The Gamma Knife is approximately the size of an MRI or CT scanner. It consists of a heavily shielded vault containing 201 separate cobalt-60 sources, (measuring 1mm in diameter and 20mm in length, with a specific activity of 150 Curie per gram) arranged around a hemisphere. Each source emits a beam of gamma rays, directed to a set point at the centre of the unit. The beams are further focused by collimator helmets, with apertures of 4 to 18 mm and result in "shots" of corresponding size. Since each of the cobalt radiation beams is relatively weak, the tissues are exposed to minimal amounts of radiation, except where these 201 beams converge, or meet, to provide the necessary radiation dose.

The patient is fitted with a stereotactic frame that serves as a reference for localizing the target and preventing movement of the head during treatment. An MRI scan is then performed to identify the target or targets. In some cases, CT scan or angiogram may also be used. Information about the target location within the frame is then transferred to the Leksell Gamma Plan computer planning station.

A GKS plan is designed to precisely cover the defined target, be it a tumor, AVM, or functional brain area with a prescribed dose of high energy gamma radiation (i.e. conformal) while minimizing the radiation exposure to immediately surrounding brain and associated structures. To create a treatment plan, one or more exposures or "shots" of gamma radiation are prescribed. The cumulative dose of these shots is displayed on the planning station computer, and adjustments made until an ideal plan is created. Once the plan is completed, all doses prescribed are given in one treatment.

The treatment plan is completed by the neurosurgeon, radiation oncologist and medical physicist, each ensuring optimal safety and effectiveness. The approved GKS plan is then transferred to the operator console that controls the procedure.

GKS is performed with the patient lying on the gamma knife couch and their head frame docked with the selected collimator helmet. During a treatment, the shielding doors open and the patient is automatically positioned within the unit. The collimators and helmet focus the beams to converge on the treatment target. Movement of the patient couch in and out of the radiation unit and the opening and closing of the shielding doors are the only sources of movement during the procedure. During the entire procedure, audio and visual communication between the patient and the GKS team is maintained via TV monitor and intercom. You will move in and out at the beginning and end of the procedure and part way out for the position changes.

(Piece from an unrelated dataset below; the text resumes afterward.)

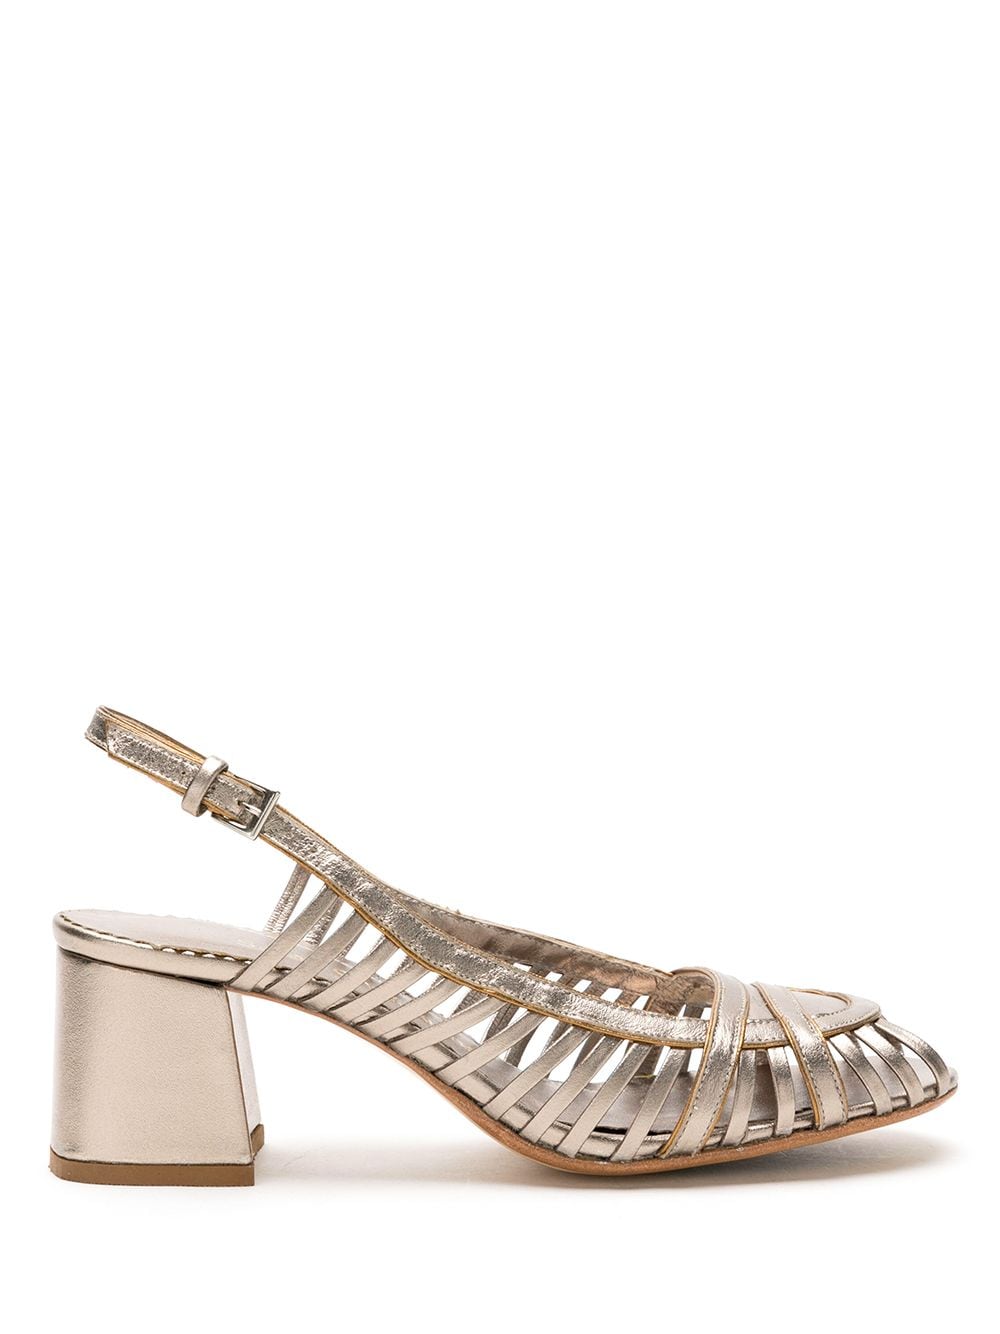 Sarah Chofakian leather Jezz sandals - Gold von Sarah Chofakian

One recent advance in technology is the Automated Positioning System (APS). This computer guided robotic modification maintains the head position during each GKS "shot", and then makes micro-millimetric adjustments as prescribed by the treatment plan. The APS has increased the speed and efficiency of performing GKS, and that results in a more comfortable and potentially more effective treatment for the patient because it makes use of multiple focus points (isocenters) easier which allows one to produce a more conformal plan.